Sunday, October 08, 2006

Jude and Barnabas

Well, Saturday was my first night in my new room. It's unfurnished, so it was just a sleeping bag on a housemate's extra mattress on the floor, in the striped light from the ratty rattan blinds of my predecessor. Imagine my surprise next morning on peering out of the sleeping bag and seeing a church! I knew St. Jude's Anglican was across the street, but never expected it would try to lodge itself in my window. (No worries, I'm getting Venetian blinds today.) "For heavens sake don't go there!" said the folks at St. Peter's Eastern Hill, the Anglo-Catholic church I've been attending, when I told them. I gather St. Jude's is closer in approach to what the vicar of St. Peter's calls "darkest Sydney," the stridently evangelical part of the Anglican Church of Australia.

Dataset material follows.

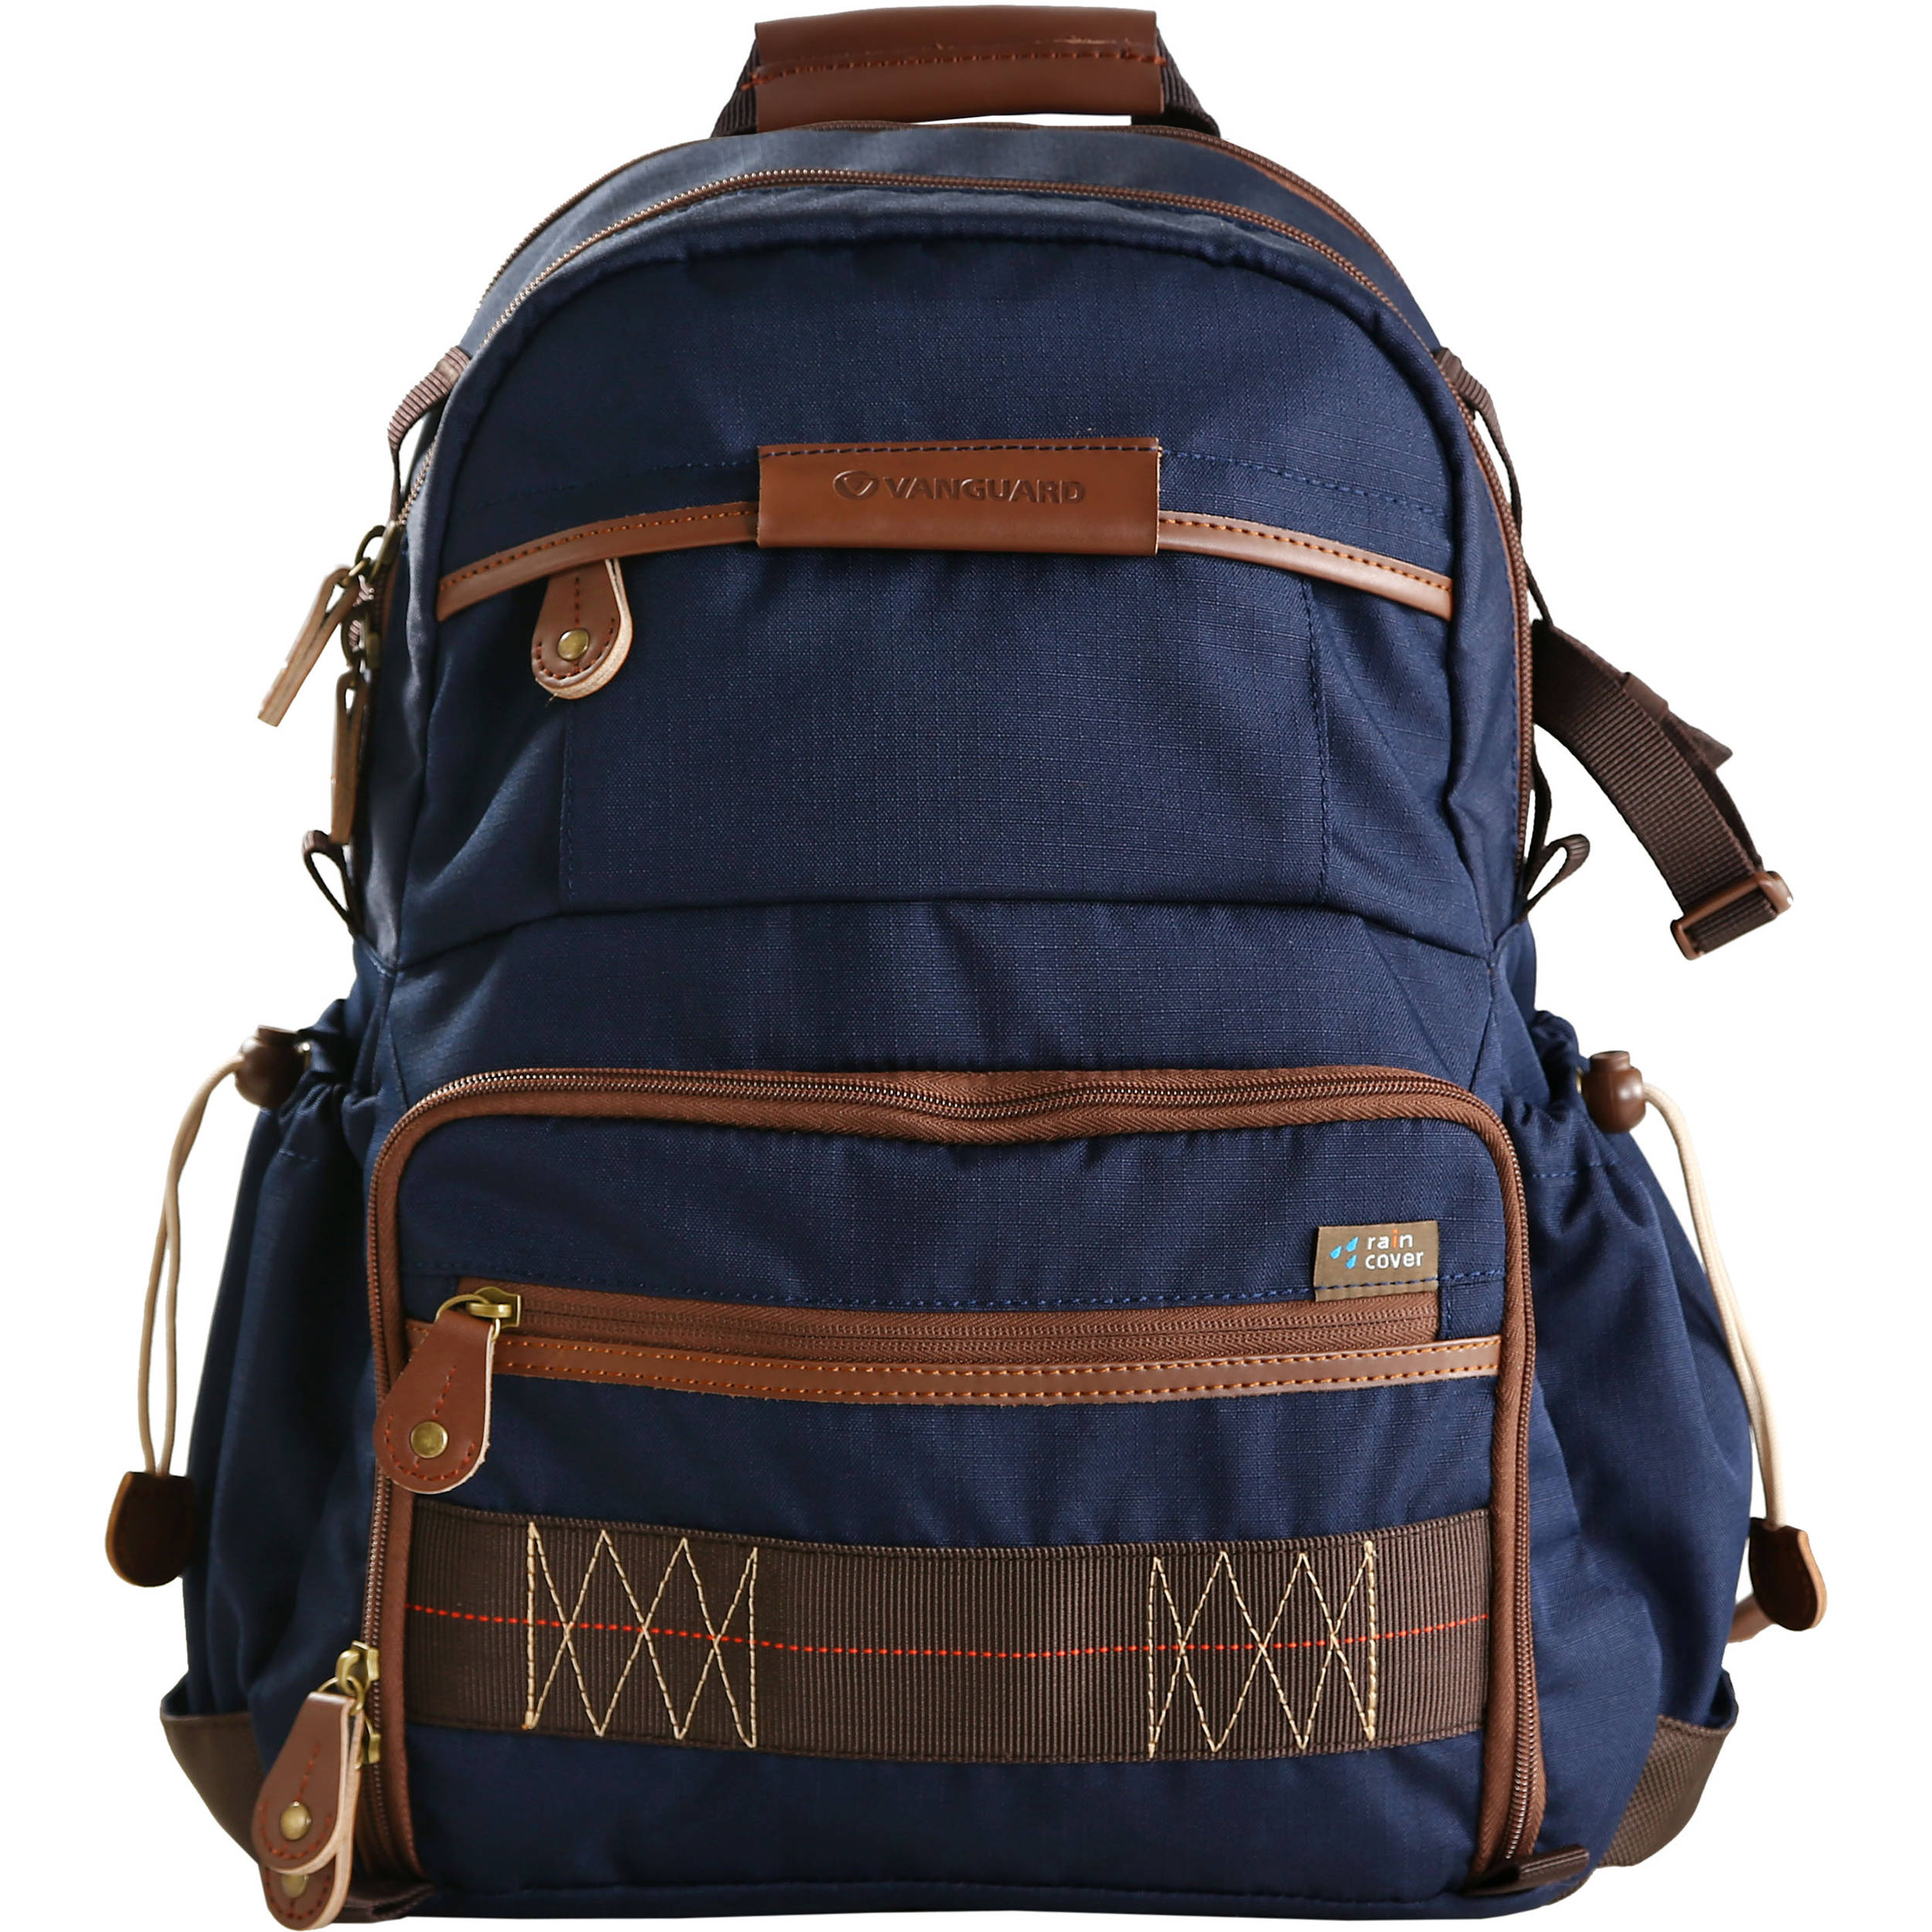 c1692da549 Vanguard Havana 41-Backpack (Blue) HAVANA 41BL B H Photo Video

Finding a church (and one called Jude!) looking in my window took me back to 1986-87, the last time I shared a house with someone. That was in Jericho, a working class part of Oxford, and it was my last year of college, and out the window of my second-storey room was the dirty brick wall of St. Barnabas Church. (You can see the edge of the house I lived in on the left in the watercolor at www.sbarnabas.org.uk, the red brick one, though the facade was painted.) St. Barnabas is a leading Anglo-Catholic parish but I didn't know what Anglo-Catholic meant at the time; I didn't even know what the Oxford Movement was! I think I looked into St. Barnabas once, and thought it looked neo-Byzantine. I kept clear not just because I was (Roman) Catholic, but also because I knew that St. Barnabas was where the grim final scenes of Thomas Hardy's Jude the Obscure took place.

My experience of St. Barnabas was confined to the brick wall out my window, with a cross in the tan colored brick, and the gappy melody of its automatic carillon - gappy because pigeons roosted in the belfry, and must occasionally have got stuck in one or other of the bells. You'd hear not the ecdg...gdec familar from Big Ben (and Japanese schools) but, say, e..dg...gde.. or ec..g...g..ec!